In the summer of 2014, after working for more than two years in the fashion industry, I decided to quit my job and follow my bliss. Not that I knew what my bliss was, but this was not a valid excuse anymore. I booked a one way ticket to Bangkok, in search of enlightenment.
Gabriela’s perception always leads us to the detail, his words spreading sensitivity through art, landscapes, food, fashion, people… Since returning from Bangkok she hasn’t stopped traveling, developing her own fashion creations, sharing her experiences and all the beauty she founds around.
Your first expat experience was very young! Travelling from Bulgaria to Italy to start college, could you tell us why did you choose Milan, the first impressions and how that trip has changed your life?

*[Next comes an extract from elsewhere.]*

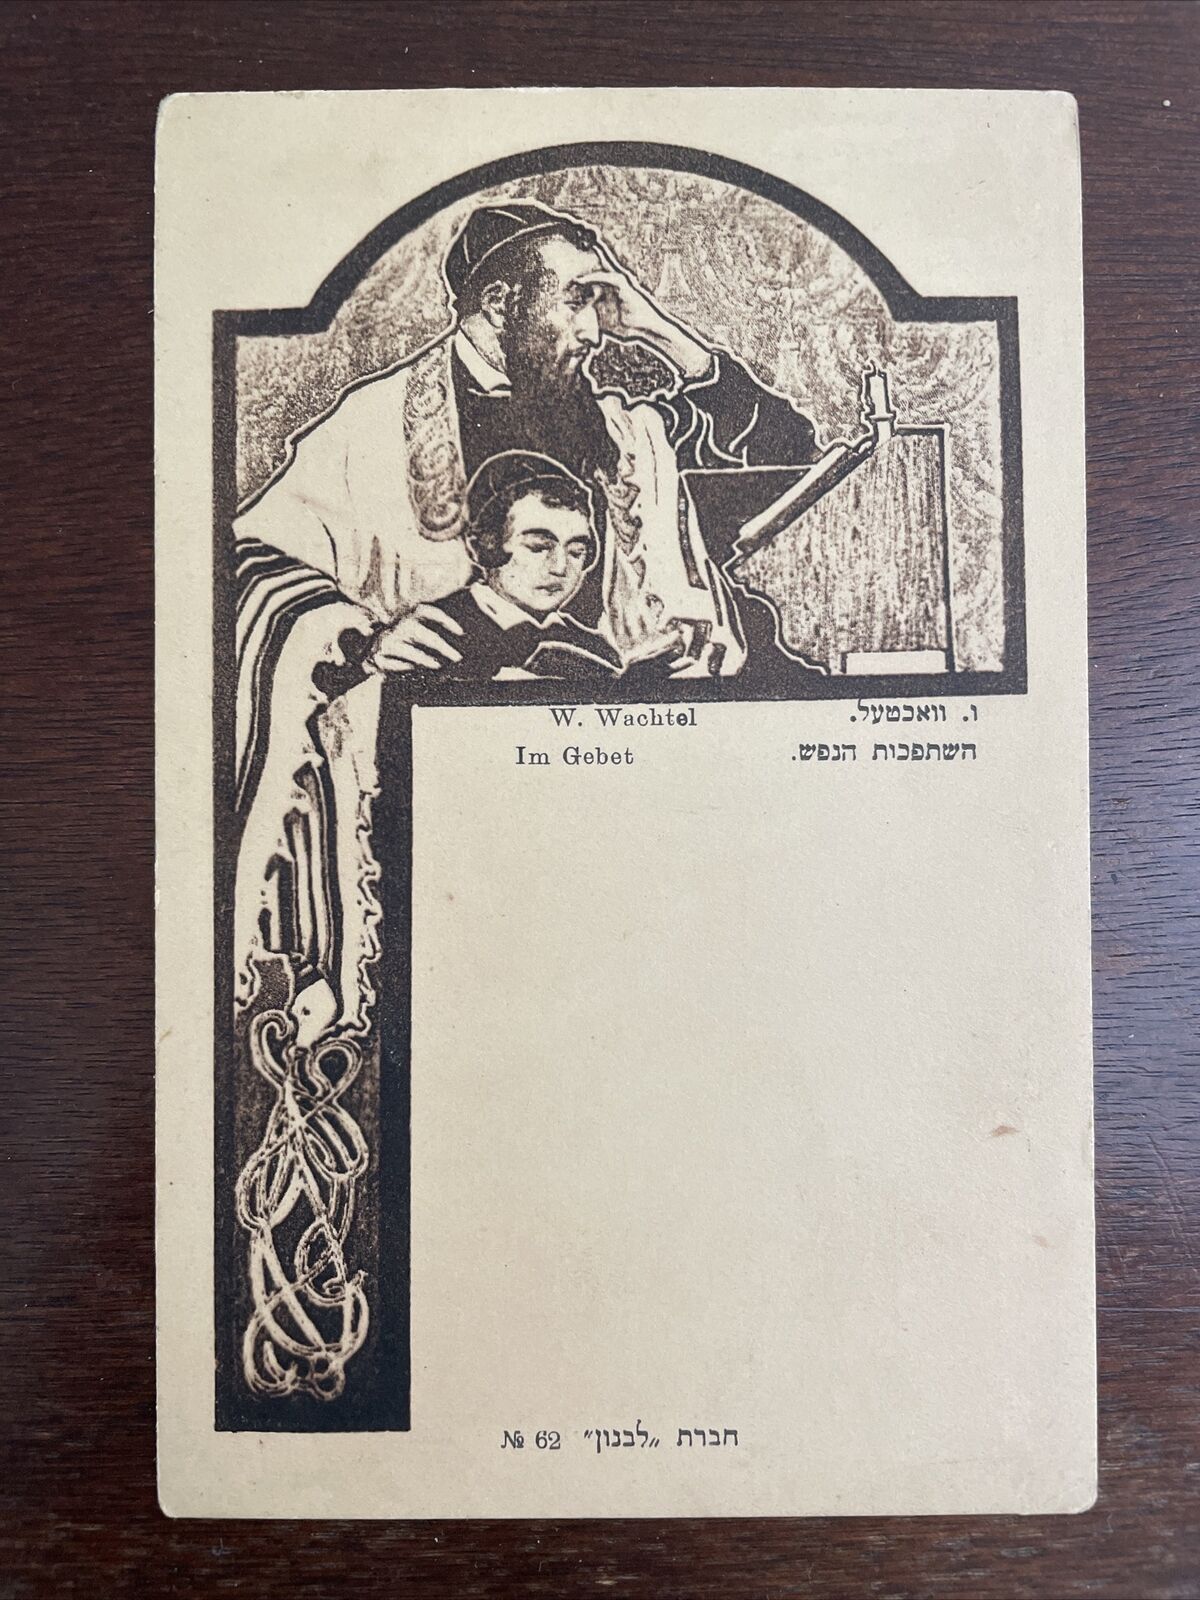 C. 1917, Postcard, W. WACHTEL, Jewish, Im Gebet, Praying

I have been learning Italian as a first foreign language at school and the decision to continue my studies in Italy was very natural. I have always known that the city would be Milan. My elder sister studied here as well and she gave me a very positive feedback about the university. I enrolled in a Business Administration course as I thought that I would like to develop my career in the banking/management consulting sector. But living in one of the fashion capitals influenced my aspirations and by the time of my Master in Science’s thesis (yes, it took me a while) I already knew that my path will be a completely different one.
How was your professional life in Italy? Was it difficult to find a job during the economic crisis?
Even though I started looking for a job in the middle of the financial crisis I cannot complain about the employment situation in Italy. I was searching for an opportunity in the fashion industry and I found it quite quickly and easily (but also consider that there was no company left that hadn’t received my resume). The contract wasn’t the best but it was acceptable. Italians are very reluctant to offer long term contracts but in my case this has never been an issue since the duo permanent + contract literally gives me the goose bumps. For young professionals who are looking for stability the circumstances here could be very tough.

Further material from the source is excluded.